Sur le site d’une ancienne centrale énergétique, la régénération du quartier comprend des espaces de travail pour 700 personnes, deux restaurants, un centre d’événements et de congrès, une école de design, un musée d’entreprise, l’exposition des vestiges d’une ancienne basilique romane retrouvée lors de fouilles , une salle de sport et un centre de loisirs, et un jardin public avec une fontaine.
Parmi les plus récents, le Campus Lavazza à Turin est un bon exemple de la façon dont la collaboration entre une ville, un client et un architecte est capable de produire une «régénération urbaine» où la conception de l’espace ouvert rassemble différentes fonctions, déclenchant de nouvelles activités sociales et en même temps devenir une toile de fond aimée de la vie quotidienne tant pour les employés de Lavazza que pour le quartier au sens large.
Quel aspect de votre travail reflète les valeurs de votre pays d’appartenance ?
Italie…
L’étonnant héritage architectural et culturel de l’Italie et de l’Europe en général risque de les enfermer dans une bulle nostalgique et de les empêcher de faire face aux périls et aux défis de la mondialisation.
En même temps, je pense que l’histoire de la culture du design italien a toujours été marquée par une complexité et une capacité d’interprétation données par la structure en couches du territoire sur lequel elle opérait, une qualité que j’ai essayé de lire dans mon pavillon italien 2014 à la Biennale de Venise 2014 que j’ai appelée « Innesti / Grafting ».
Découvrez le projet “Innesti/Grafting”; Pavillon italien de Cino Zucchi
Qu’est-ce qui vous inspire toujours ?
Je suis toujours inspiré par la diversité et l’étrangeté de la culture humaine.
Quel est votre endroit favori au monde ?
Venise et New York. Deux paysages collectifs, presque délirants, construits non pas par des moines mais par des marchands.
À quel projet de design ou d’architecture auriez-vous aimé penser vous-même ?
Palazzo Massimo alle Colonne à Rome par Baldassarre Peruzzi.
Si vous pouviez recevoir à diner trois personnes, passées ou vivantes, qui seraient-elles et que serviriez-vous bien à manger ?
Paul Valéry, Isabelle Huppert et Karl Kraus.
Je servirais les langues de Lark à Aspic (King Crimson) et Savoy Truffle (les Beatles).
Cliquez sur les noms pour découvrir une biographie ou écouter une playlist
Paul Valéry – Photo : Henri Manuel |
Isabelle Huppert – photo : Georges Biard |
Karl Kraus |
Quel est votre mantra ?
« Échouer, échouer encore, échouer mieux. » – Samuel Beckett
Quel est votre rêve ? … Voyez GRAND !
Mon plus grand rêve est une longue sieste sans rêve sur mon canapé un dimanche après-midi… une sieste où je n’ai pas à rattraper les travaux inachevés comme je le fais la plupart des week-ends !
Entrepôt automatisé Pedrali, Mornico al Serio, Italie, 2017. Crédit photo: Cino Zucchi.
La peau d’un grand entrepôt automatisé devient une «sculpture environnementale» en forte relation avec le paysage agricole environnant.

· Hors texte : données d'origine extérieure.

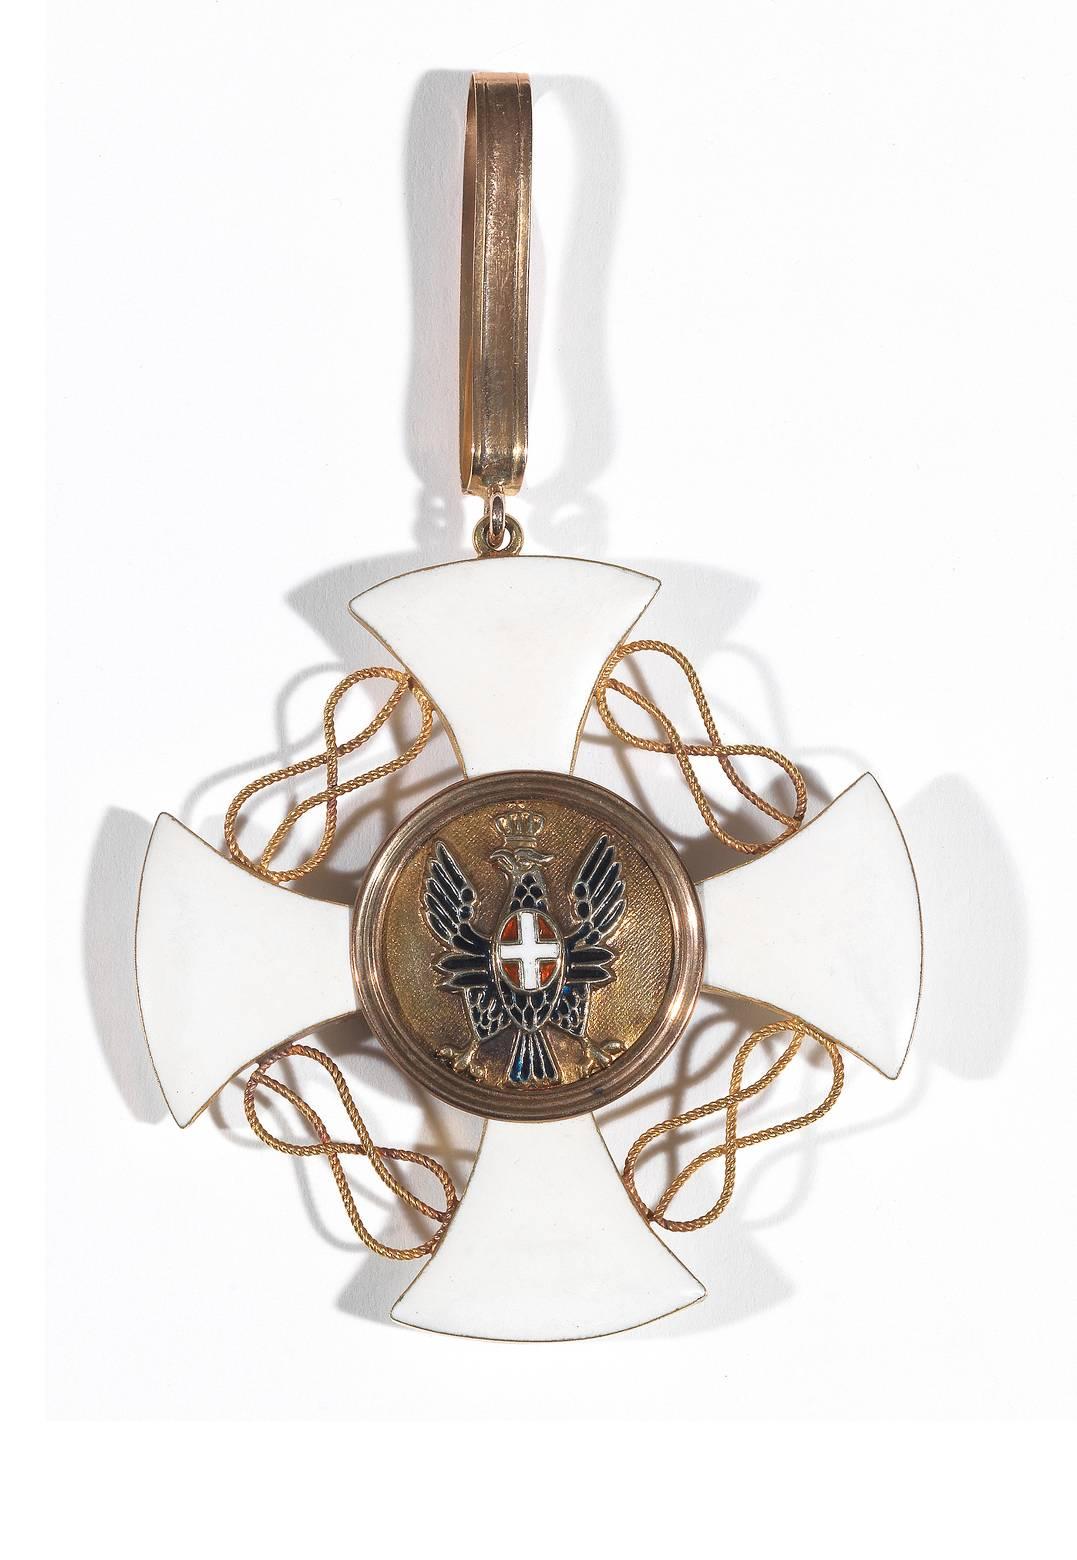 

The cross with curved edges, enamelled in white, with the so-called Savoy knots between the arms of the cross. The front central disc featured the Iron Crown of Lombardy on a blue enamel background. The back central disc with a black-enameled

Siège de Salewa, Bozen, Italie, 2010. Crédit photo: Cino Zucchi.
Le siège d’une entreprise de vêtements techniques pour grimpeurs accueille les bureaux, l’entrepôt principal, une salle d’escalade, un magasin d’usine, une cafétéria et un espace événementiel. Ses volumes extérieurs deviennent un repère de l’autoroute et se rapportent à la chaîne de montagnes entourant Bozen.

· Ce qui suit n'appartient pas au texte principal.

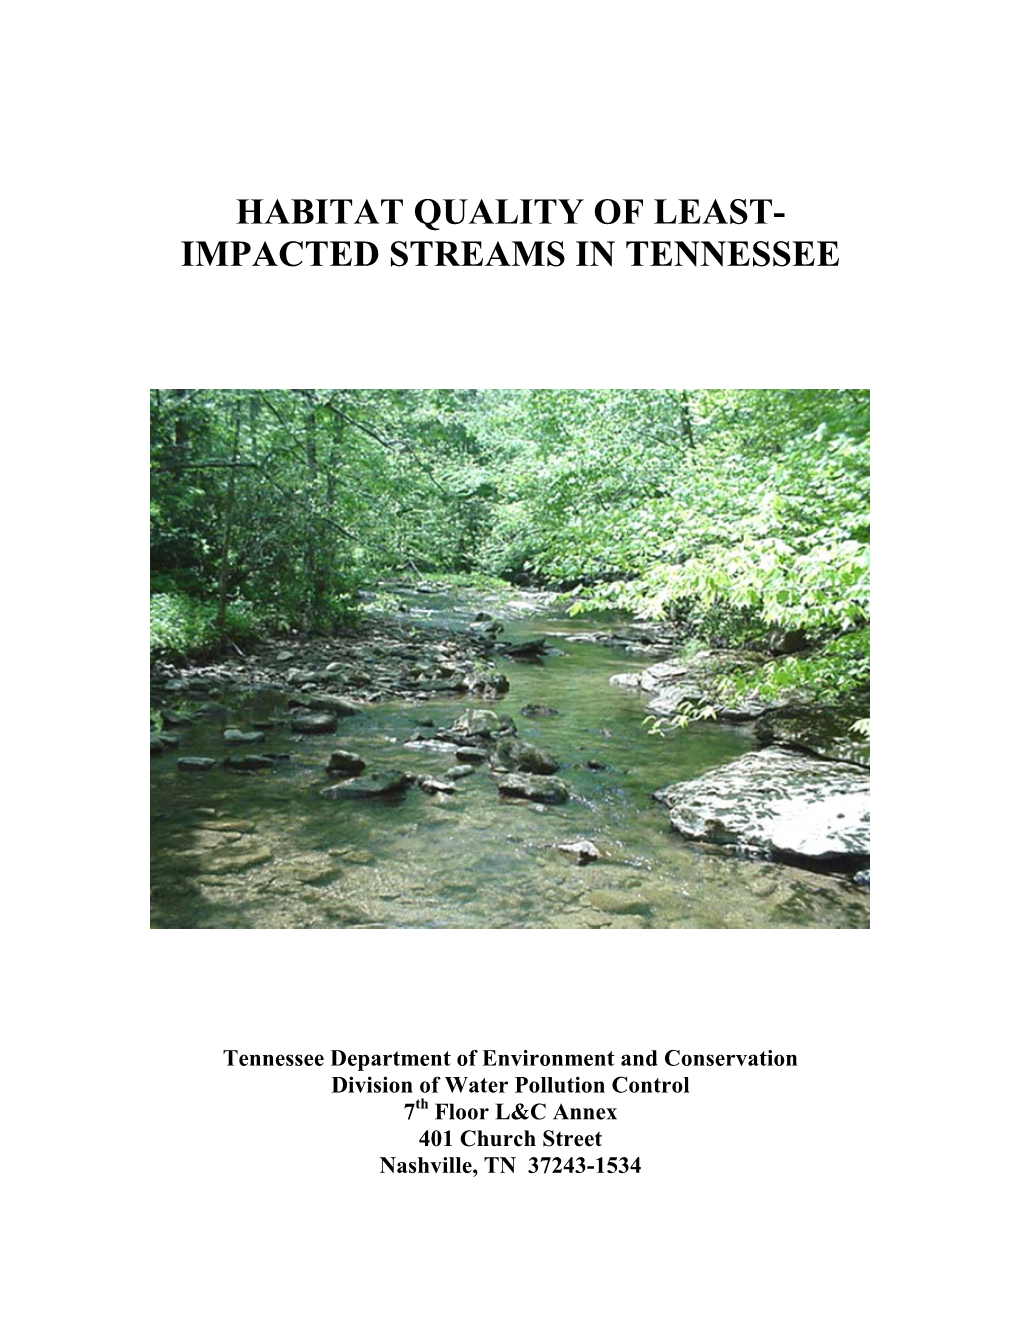 Habitat Quality of Least- Impacted Streams in Tennessee

Siège de Salewa, Bozen, Italie, 2010. Crédit photo: Cino Zucchi.
Le siège d’une entreprise de vêtements techniques pour grimpeurs accueille les bureaux, l’entrepôt principal, une salle d’escalade, un magasin d’usine, une cafétéria et un espace événementiel. Ses volumes extérieurs deviennent un repère de l’autoroute et se rapportent à la chaîne de montagnes entourant Bozen.
Immeuble d’habitation La Corte Verde, Milan, Italie, 2014. Crédit photo: Cino Zucchi.
Un immeuble résidentiel double face dans le nouveau quartier de Porta Nuova.